Андрей Белый - Том 4. Маски
И увидел: с ним вместе в окошко знакомое, будто Надюшино, дочкино, личико, — высунулось; и ему из окна объяснил: небо — дно, у которого сорвано дно; и оконный квадрат, ими вместе распахнутый в небо, — распахнут из неба же.
— Небо, — наш синий родитель: протон; так сказать, электронное солнце!
Тут поняв, что — сад пред ним: зазаборный домок на припеке желтел в мухачах — в этом месте; и Грибиков шел проветряться; а тут — что такое теперь? — Неизвестный подъезд? — Над подъездом какая-то твердая морда из камня морочила.
— Где ж переулок?
— Какой?
— Табачихинский?
— Девкин!
— Взять в толк!
И — умолк.
Не сказал, что тревожится: память отшибло; вчера же он ехал к Матвею Матвеевичу Кезельману, к кассиру Недешеву, с дачи, в Москву, получать свое жалованье и с Матвеем Матвеевичем о делах перекинуться; пер он полями на станцию: и собиралась гроза; встала желтая тучища; после ж, — ударила молния.

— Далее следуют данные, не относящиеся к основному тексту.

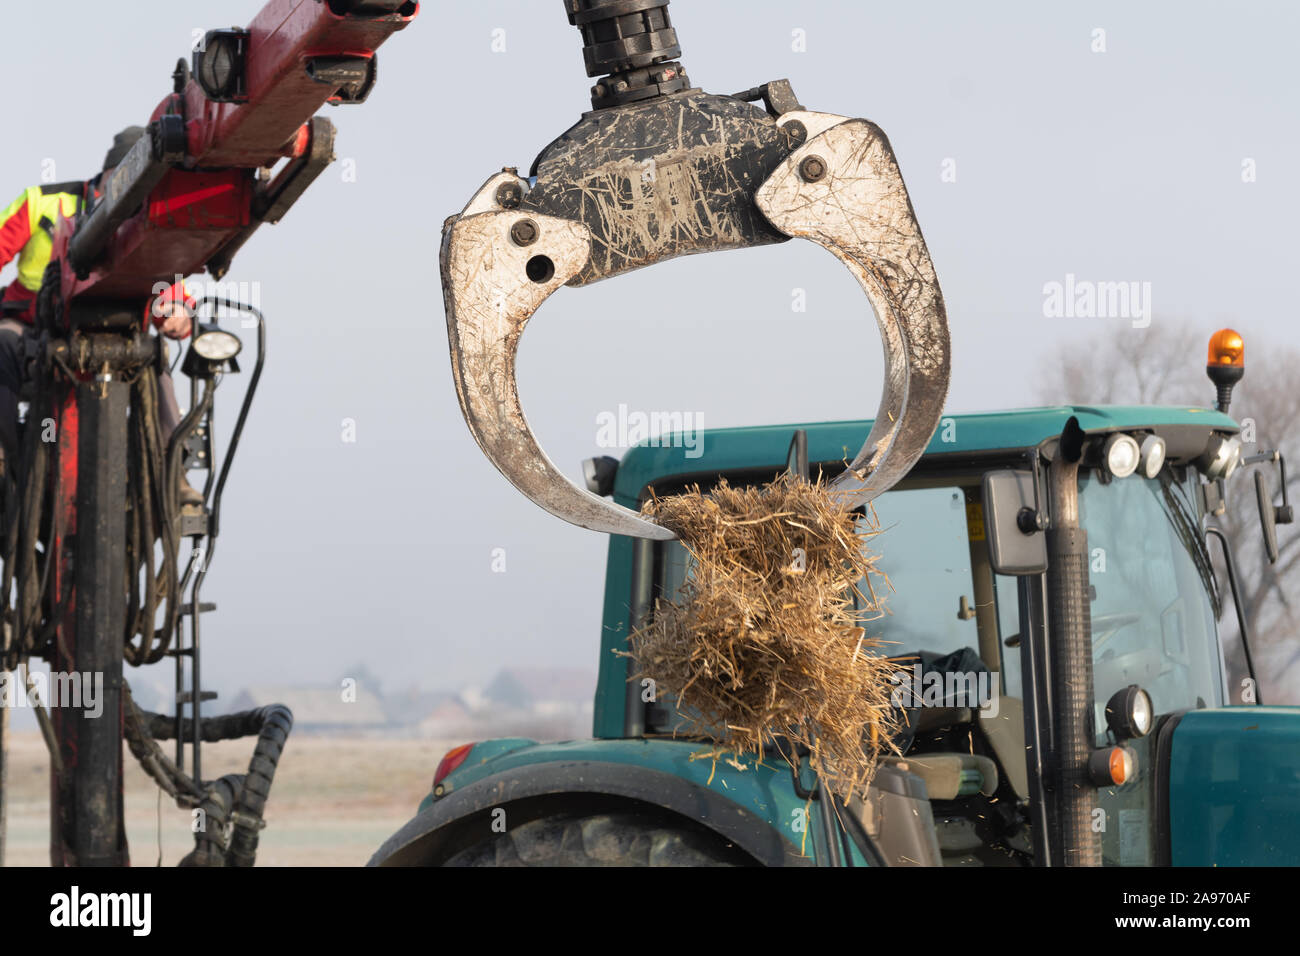 Operator of forestry tractor crane with grapple tossing mulch straw on the field. Agriculture, farming, forestry and mechanization concepts. Stock Photo

Деньги-то, жалованье: получил и — куда-то засунул! «Фу, — чорт!» и похлопал себя по штанам: они пусты.
* * *Актер входит в роль, ее даже не зная; и — он: он трудился над ролью «Коробкин».
Коробки ломались
Его навещали: пришел Задопятов:
— Уф, — сам я стал одр: умерла Анна Павловна.

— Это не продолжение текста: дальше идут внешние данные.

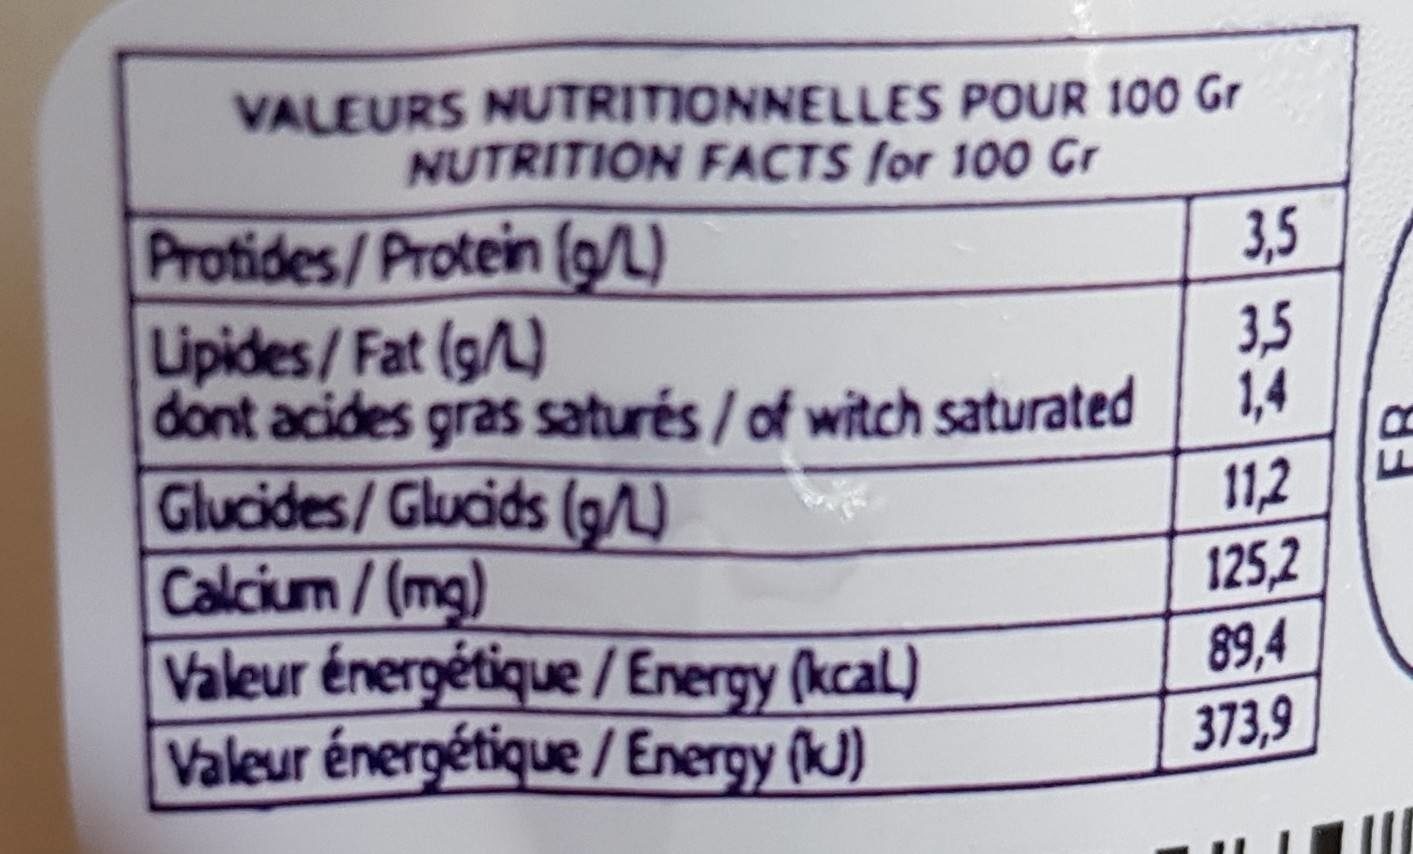 Yaourt artisanal vanille - Nutrition facts - fr

Он — не расслышал: зажмурился, пальцами отбарабанив, внимая себе, как другому.
— Будь бодр: чего доброго, — встанет твоя Анна Павловна.
— Да умерла, — говорю.
— А… Взяв в толк…
И — умолк.
Приходила сюда Василиса Сергевна:
— Мы — что; мы — живем: а вот Надя твоя долго жить приказала…
— Что ж: я поживу еще…
Видно, — не понял; вдруг — понял он:
— Наденька?… Как?
И из глаза, единственного, — в три ручья!
* * *Громко фыркая, плачась, что вот он — один и что некому плакаться, протопотошил с неделю под дверью; и выплакался, положив седину, на колени: к сестре.
Лир — Корделию встретил.
Плаксивый период прошел.
* * *С того времени в памяти рылся: расспрашивал:
— Ну, а Цецерко-Пукиерко, чорт побери, — что и как? Василиса Сергевна:
— Ах, — не говори, скрылся Киерко твой; след простыл; писал — в «Искре».
— Все умерли, — что ли?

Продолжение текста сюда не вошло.